That’s what I was there for. A lot of people don’t want to hear that, but it’s the honest truth. So, yes, for instance, I would try to injure you if that was the difference between winning and losing a hockey game. I’d do whatever was asked of me. And I can tell you that, yes, coaches do actually sometimes tap you on the back and tell you to get out there on the ice and fight. Whether you want to believe it or not, it happens.
And I was always game — right there at a moment’s notice, ready to oblige.
I’d to it for my team, and, as weird as it sounds, for … the game. Because as best I could tell, being tough, and one guy knocking the snot out of another guy, and showing no mercy, well … those things had always been part of our sport.
I had it in my head that there was a specific way that hockey needed to be played. And there was a level honor to it, a certain pride that came along with kicking some ass.
Charles Krupa/AP Images
I didn’t enjoy it, though. That’s for sure.
It’s what I did, and it paid the bills and allowed me to support my family. But I never loved it.
In truth, I absolutely hated to fight. I was scared to death of fighting. But what are you supposed to do when that’s your meal ticket, you know?

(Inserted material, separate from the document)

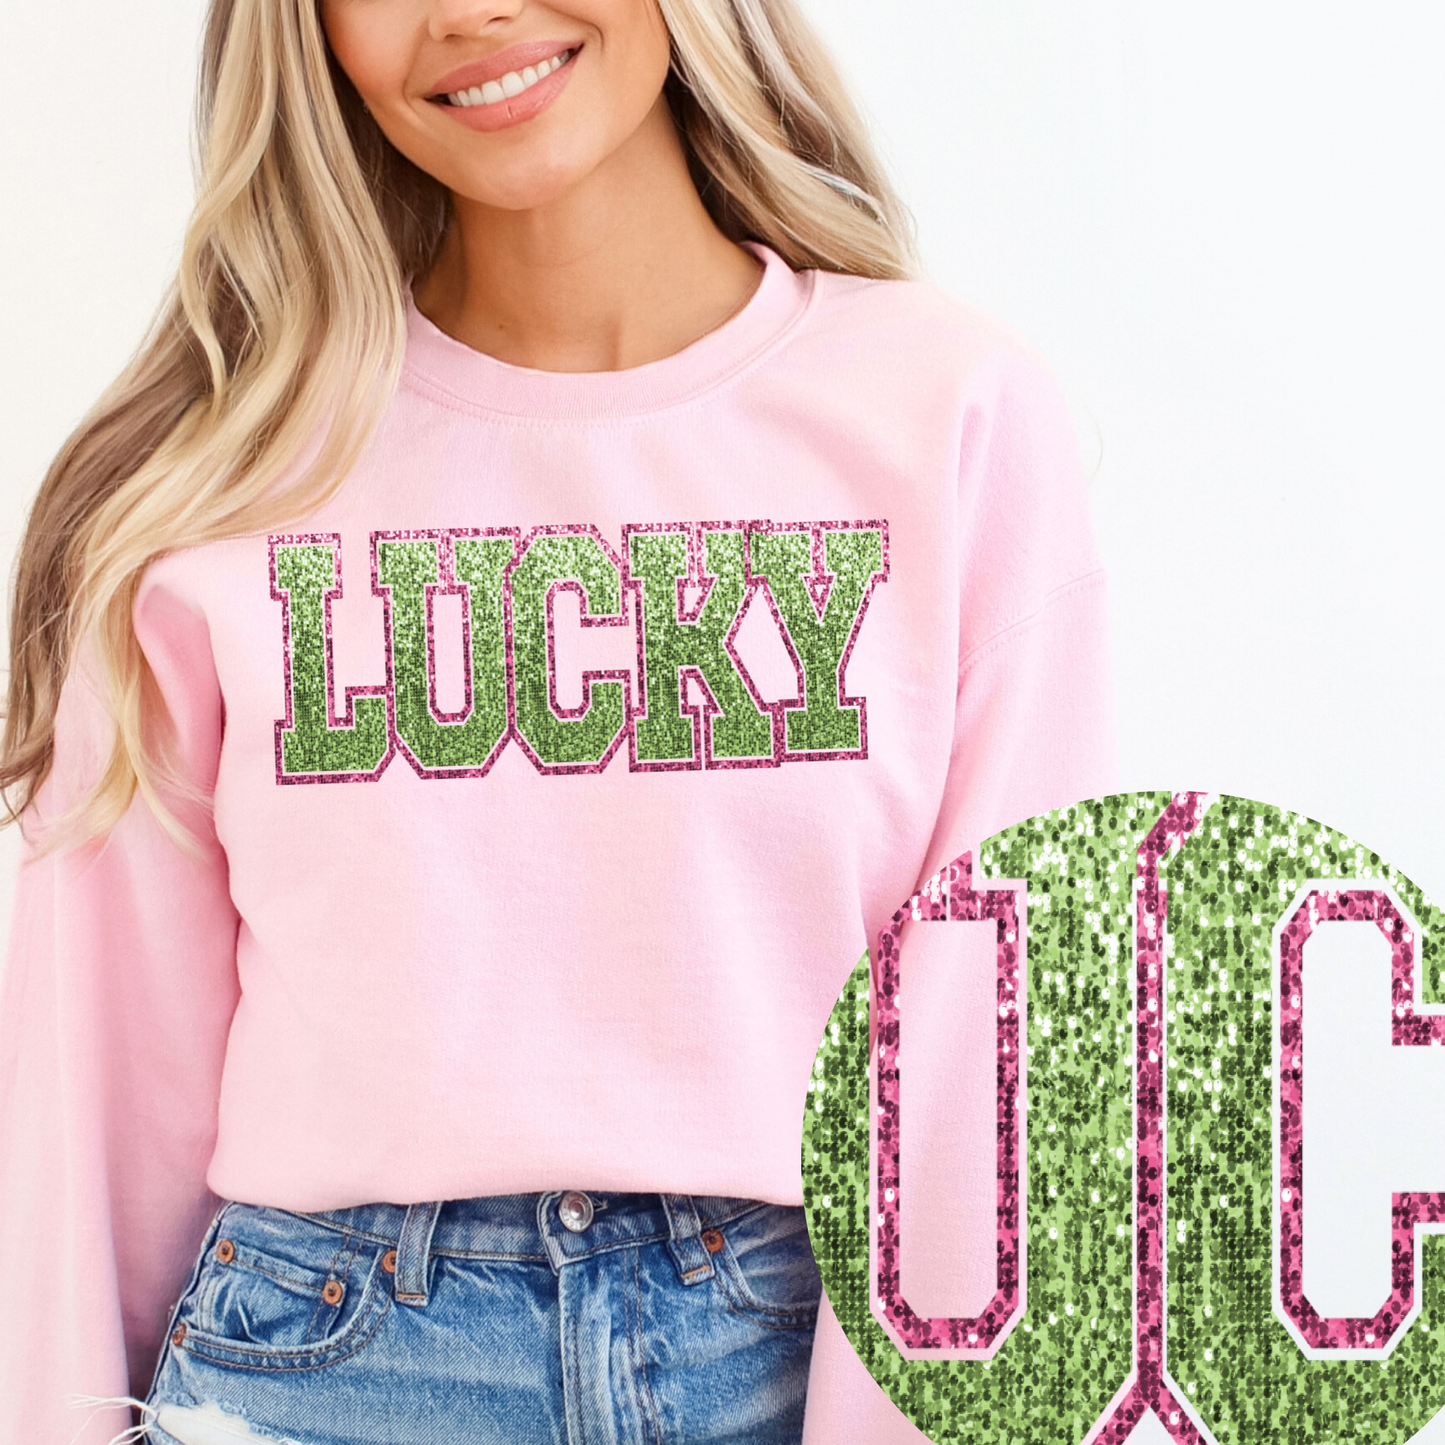 Sequin Lucky-EXCLUSIVE-Faux Sequins-Sweatshirt

When you get paid to rough people up on the ice, and you’ve never really done anything for a living but play hockey … you don’t have all that much choice but to go out there and you do your job — no matter how afraid you are. But it definitely wasn’t easy for me.

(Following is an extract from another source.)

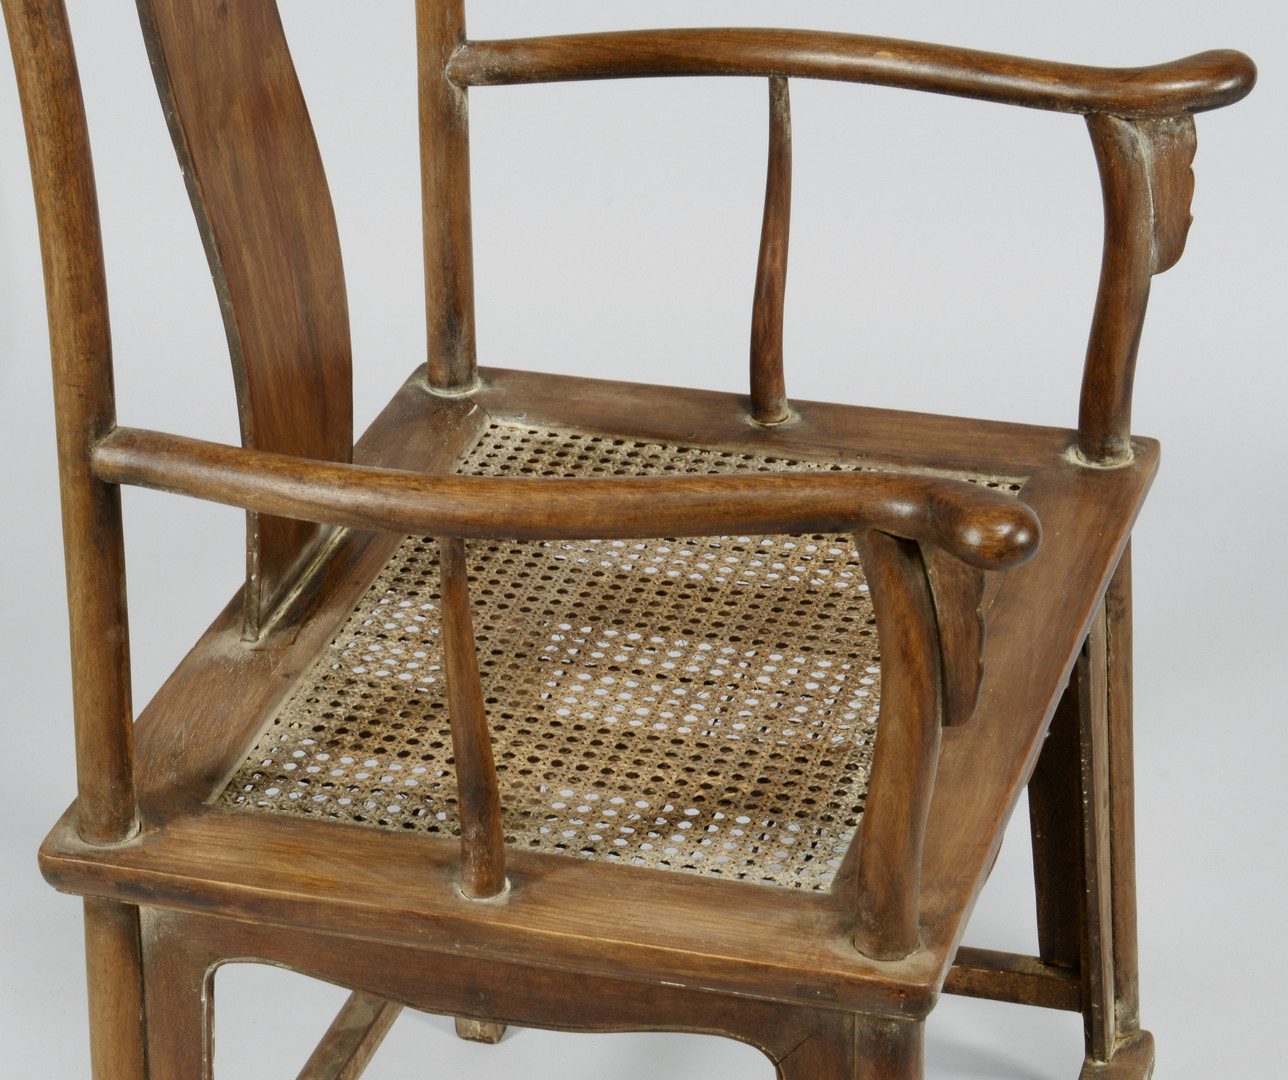 Lot 33: Pair of Chinese Hardwood Yokeback Armchairs, Modern

On the nights before we played, I wouldn’t be able to get any rest. I’d be lying on a bed in a hotel room in Buffalo or Calgary or wherever, just kind of nervous and on edge … worried about what was going to happen to me out on the ice the next day.
Sleep? For me? That’s what sleeping pills were for.
And by the time the game rolled around, I’d usually be a total mess on the inside. My approach was always to pick fights with guys who were bigger than me, because I felt like in those cases I’d have nothing to lose. My thinking was, If I get lucky and win one … I look good. And if I get my ass kicked, I still look good because I’m the smaller guy — the underdog punching up.
Looking back on it now, that plan probably wasn’t the best approach because….
I got my ass kicked a lot. For years and years. I did some ass-kicking for sure, don’t get me wrong, but I also took my lumps. Sometimes it’s just not your night. Even the toughest guys in the league get pummeled on occasion. And I can tell you for a fact that all those punches definitely took their toll on me.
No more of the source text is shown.